■ **STORED DATA**
==*==

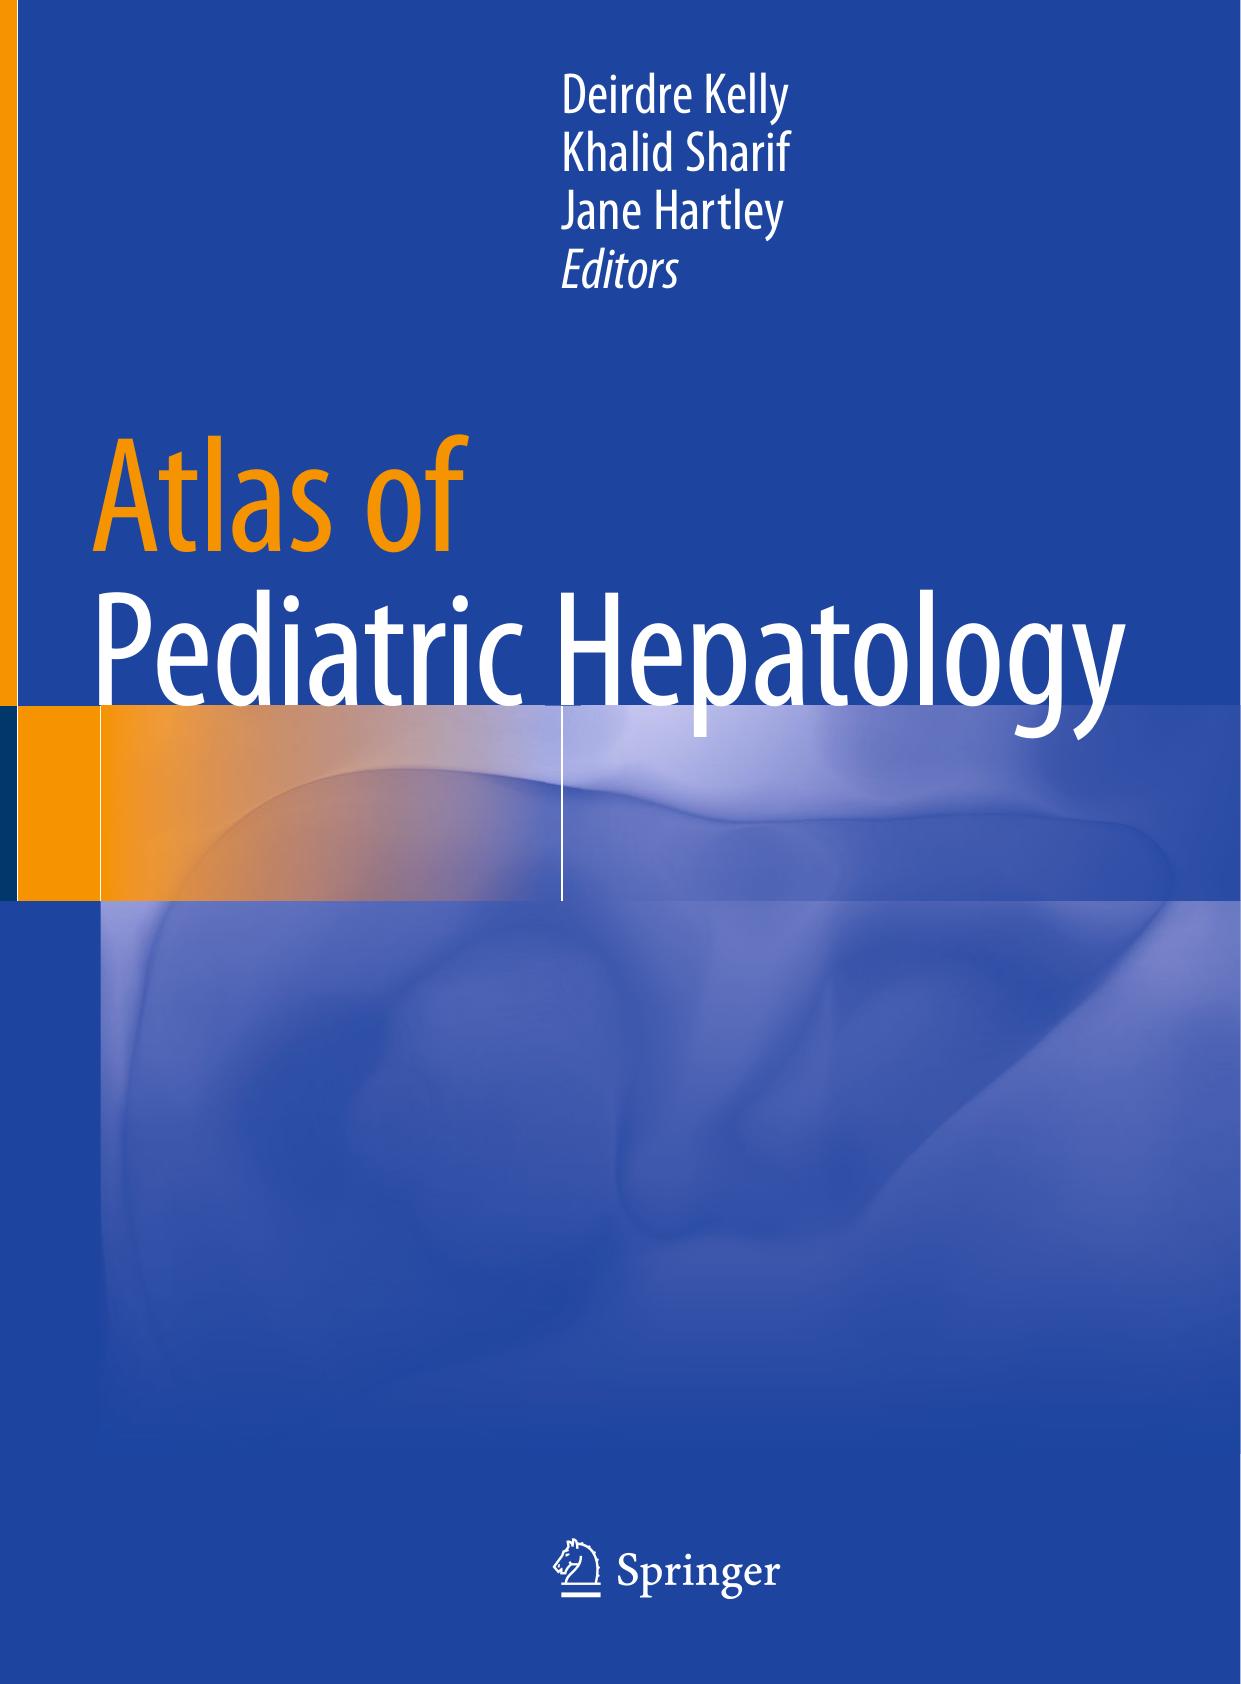 Atlas of Pediatric Hepatology 2018
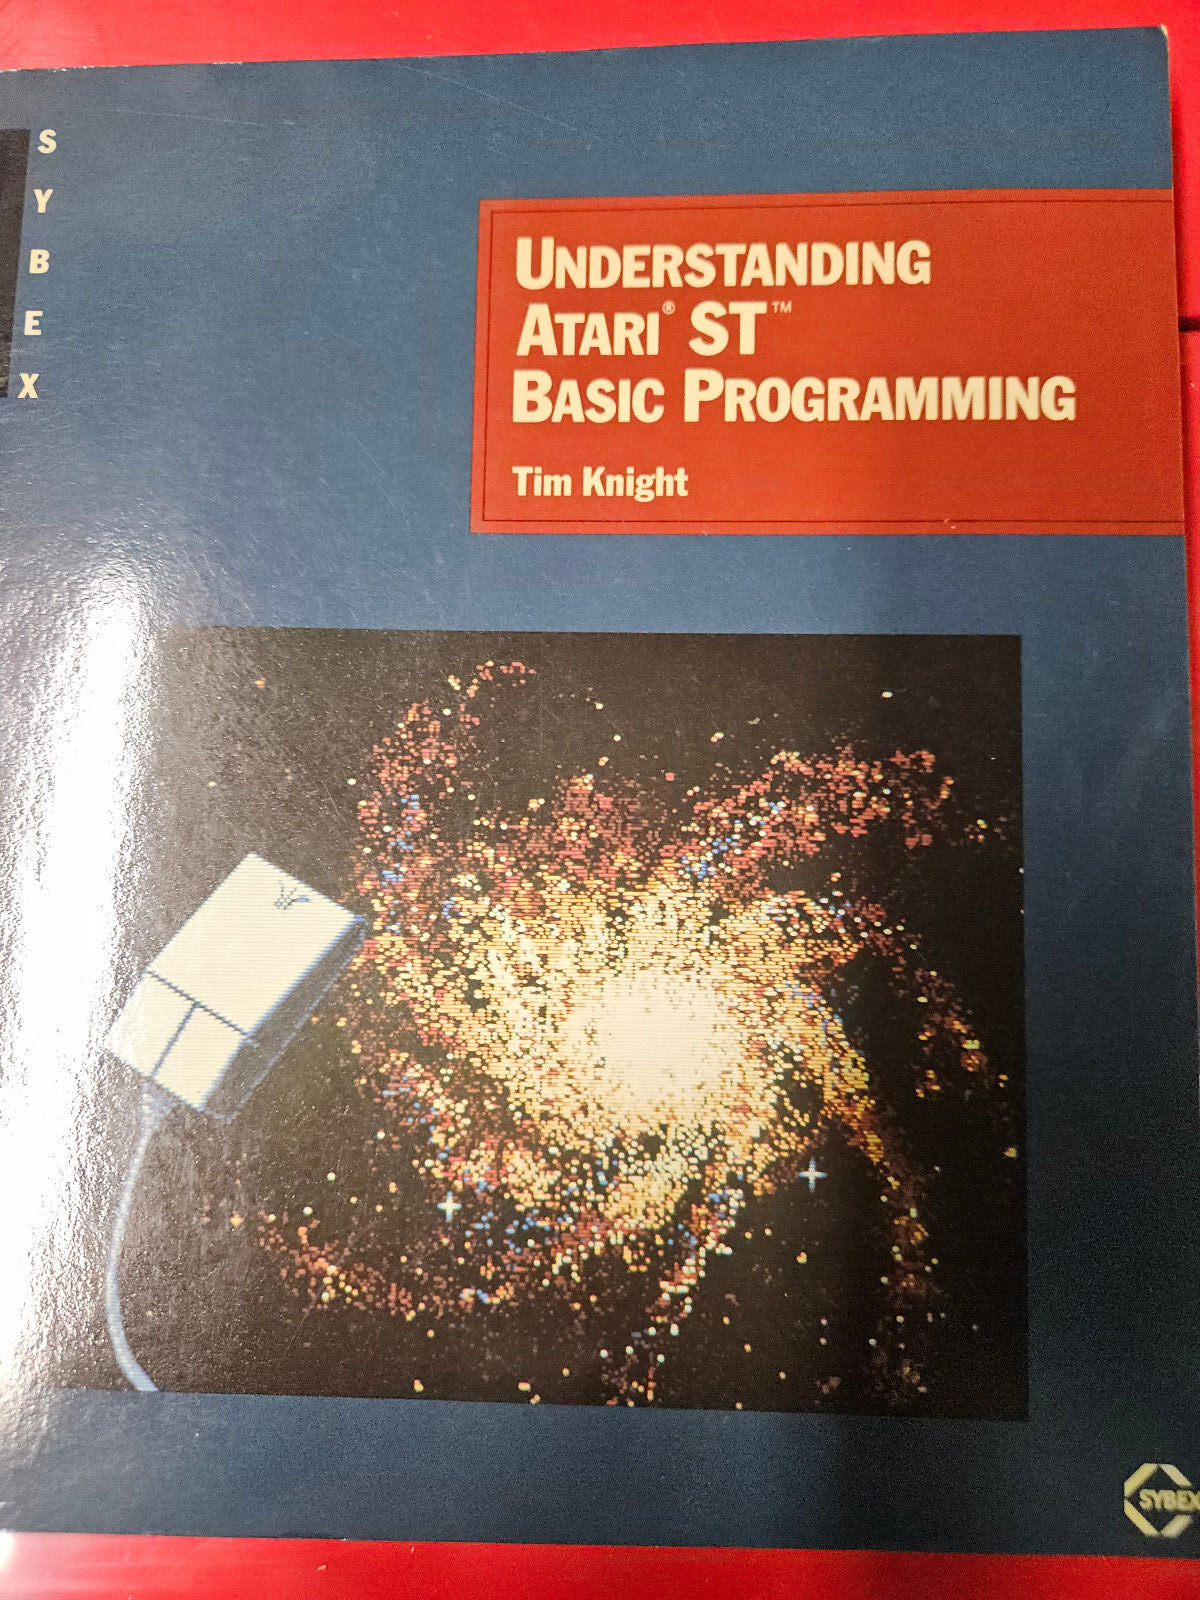 Understanding ATARI ST Basic Programming by Tim Knight
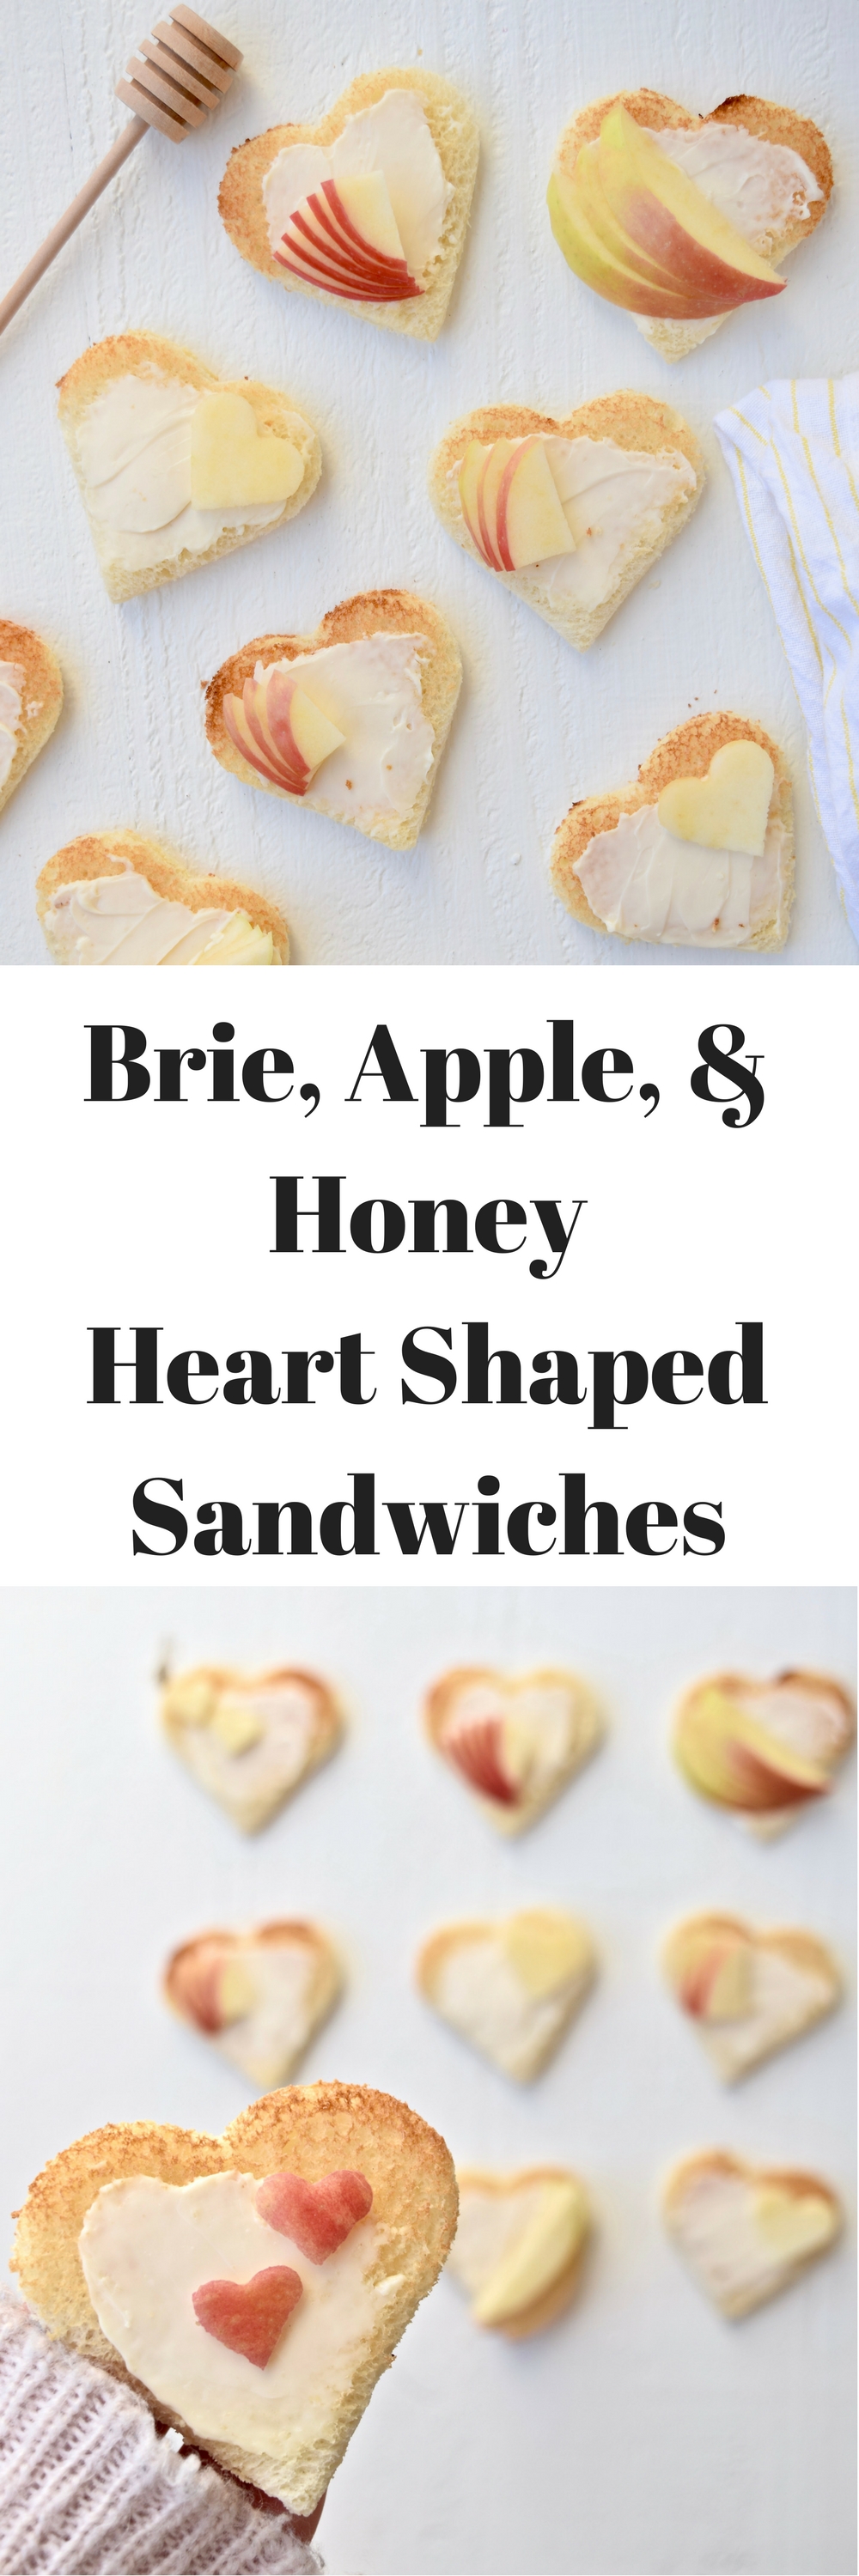 Brie, Apple, Honey, & Heart Shaped Sandwiches

==*==

■ **DIRECTIONS FOR THIS TASK**
Retype each line above precisely, please. Skip anything that is a picture.

■ **TASK ANSWER**
 Atlas of Pediatric Hepatology 2018
 Understanding ATARI ST Basic Programming by Tim Knight
 Brie, Apple, Honey, & Heart Shaped Sandwiches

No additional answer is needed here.